An Amnesty International researcher who killed himself in his Paris office repeatedly asked for help, but his requests “fell on deaf ears,” according to documents from a French investigation seen by reporters.
The conclusions of an Amnesty France inquiry into the circumstances surrounding the death of west Africa researcher Gaetan Mootoo raise questions over the duty of care toward staff at the human rights organization.
A separate investigation by the French state linked Mootoo’s death to his work.
Mootoo, 65, took his life at Amnesty’s Paris office on May 26. He left a note in which he complained of work pressure and a lack of support from management.
Five weeks after Mootoo’s death, in a separate incident, Roz McGregor, 28, a paid intern at Amnesty, from Leatherhead in Surrey, was found dead.
Her family has expressed concern that the group failed to offer sufficient support after she developed “acute anxiety” during five months working at Amnesty’s Geneva office.
Amnesty International, which has launched independent inquiries into the suicides of Mootoo and McGregor, said it had cooperated fully with the investigation by the French authorities and accepted its decision.
Confidential documents from the Amnesty France inquiry, seen by reporters, say that the international secretariat, Mootoo’s employers, did “not carry out sufficient support work.”
The investigators said: “Gaetan Mootoo did not find solutions to adapt to the different changes to the international secretariat, which did not carry out sufficient support work, which would have enabled him to find his place in the new organization. However, he repeatedly asked for help without suitable actions being taken to meet his needs.”
The inquiry examined only the “professional factors that could be related to” his suicide, according to the documents.

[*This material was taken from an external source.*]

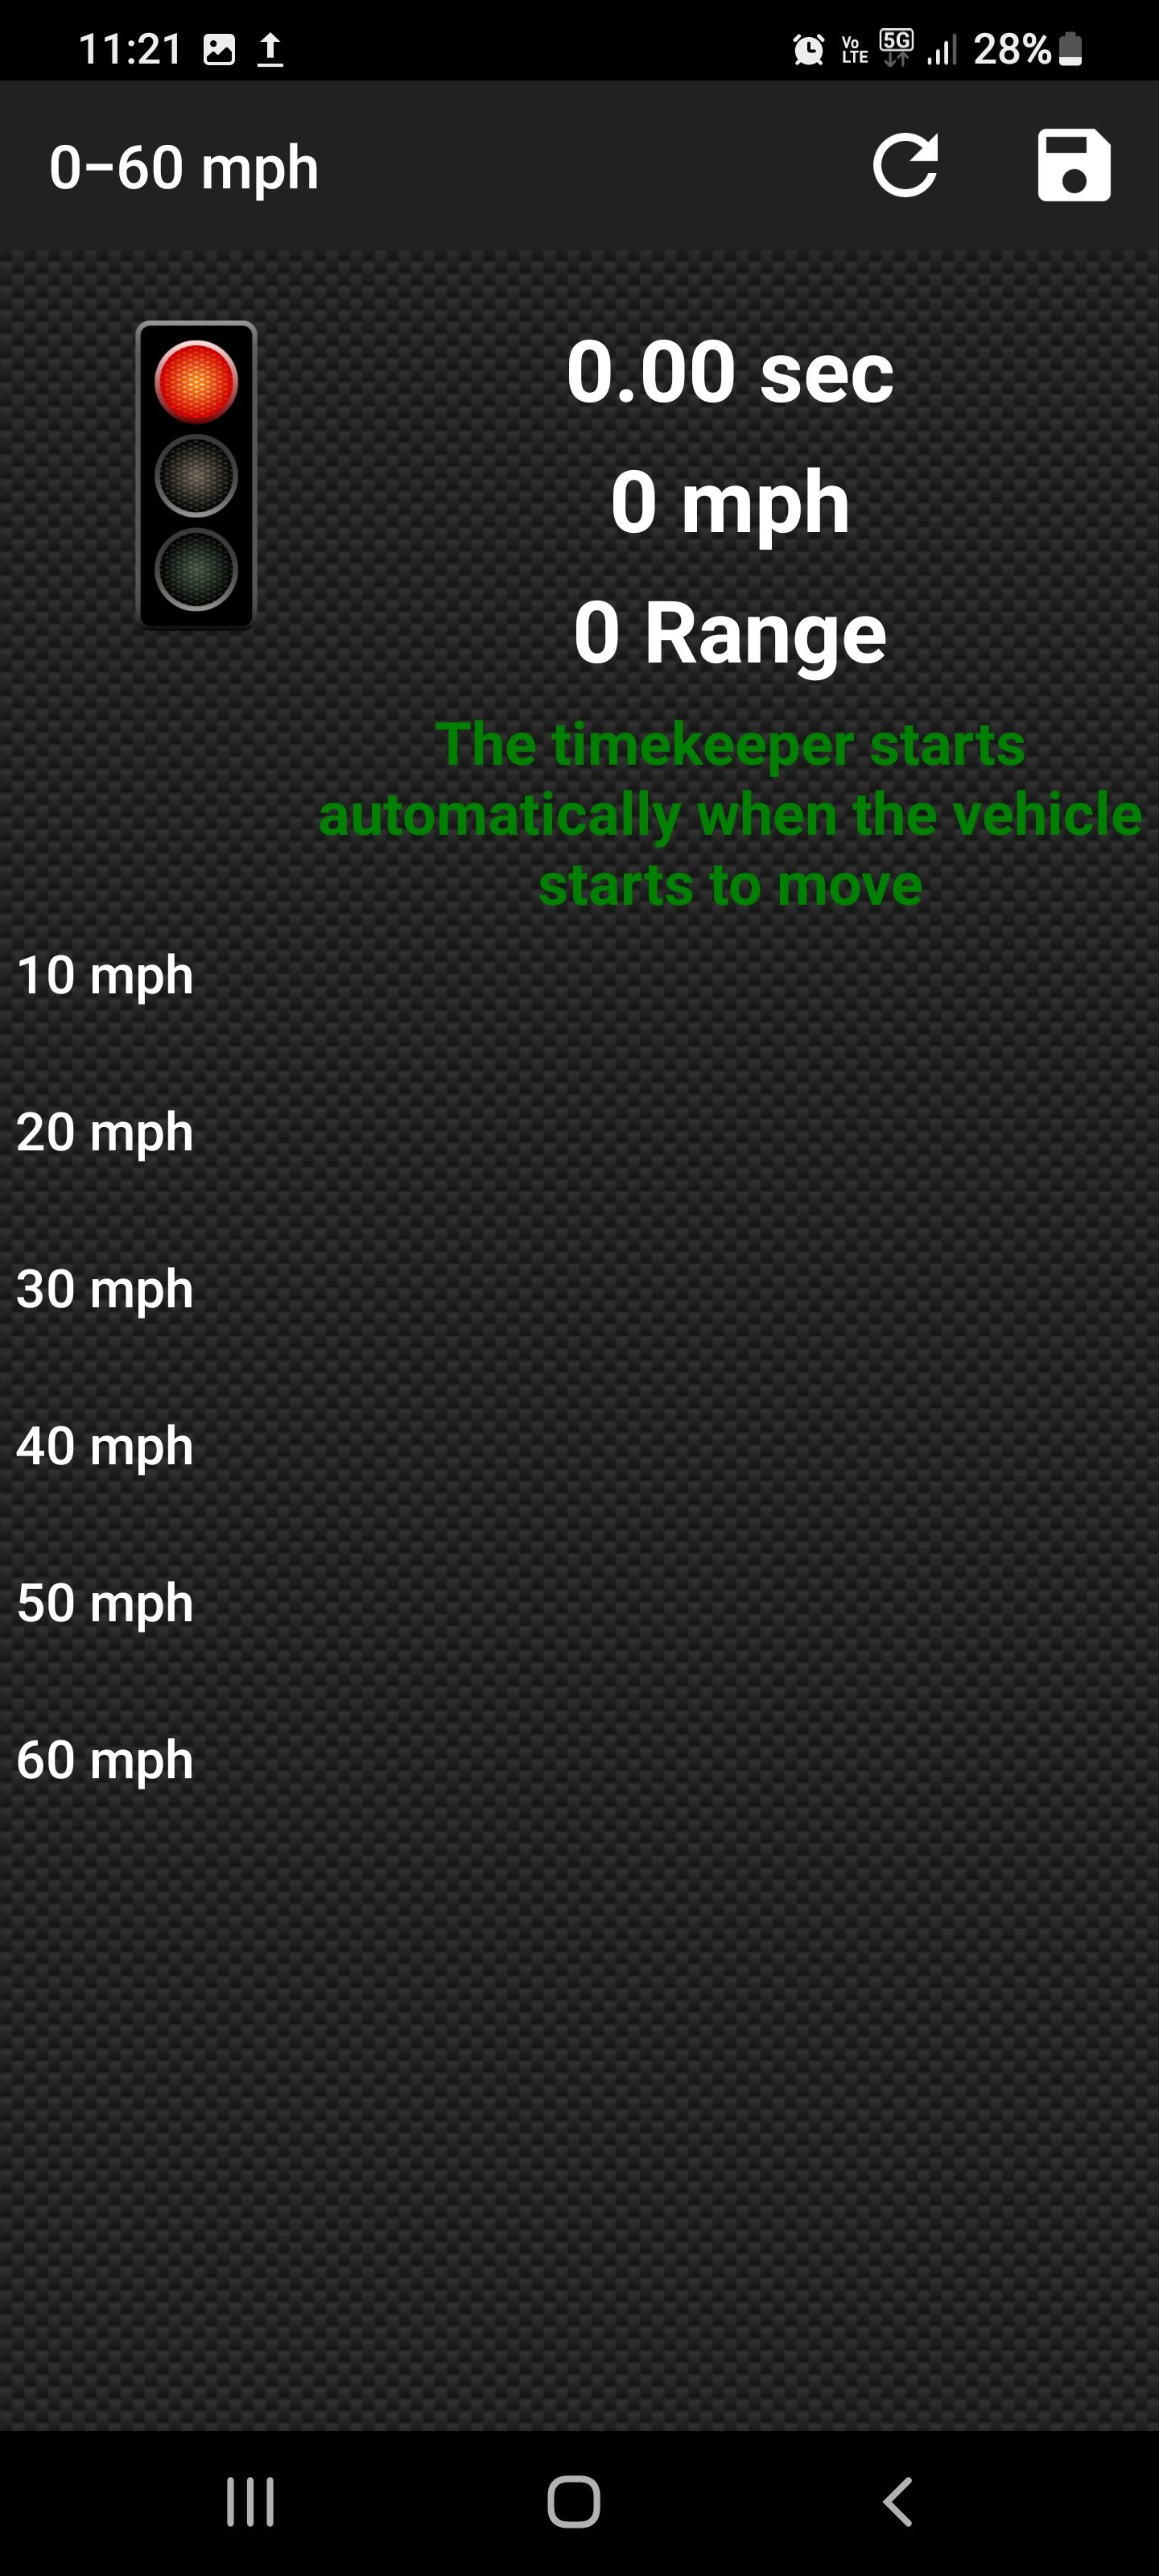 Screenshot of EOBD Facile app showing 0-60 mph test window

A colleague, quoted in the report, said: “He was looking for a way to get some assistance in Paris. He felt that he had been left to his own devices and marginalized. He said many times that he was suffering from this. It was very hard for him to be all alone.”
“He never complained about his work, never, but always about the lack of support,” the colleague said.
The Amnesty France investigation found “changes to his way of working, workload, changes to his place of work,” including the level of complexity, “worried him more and more.”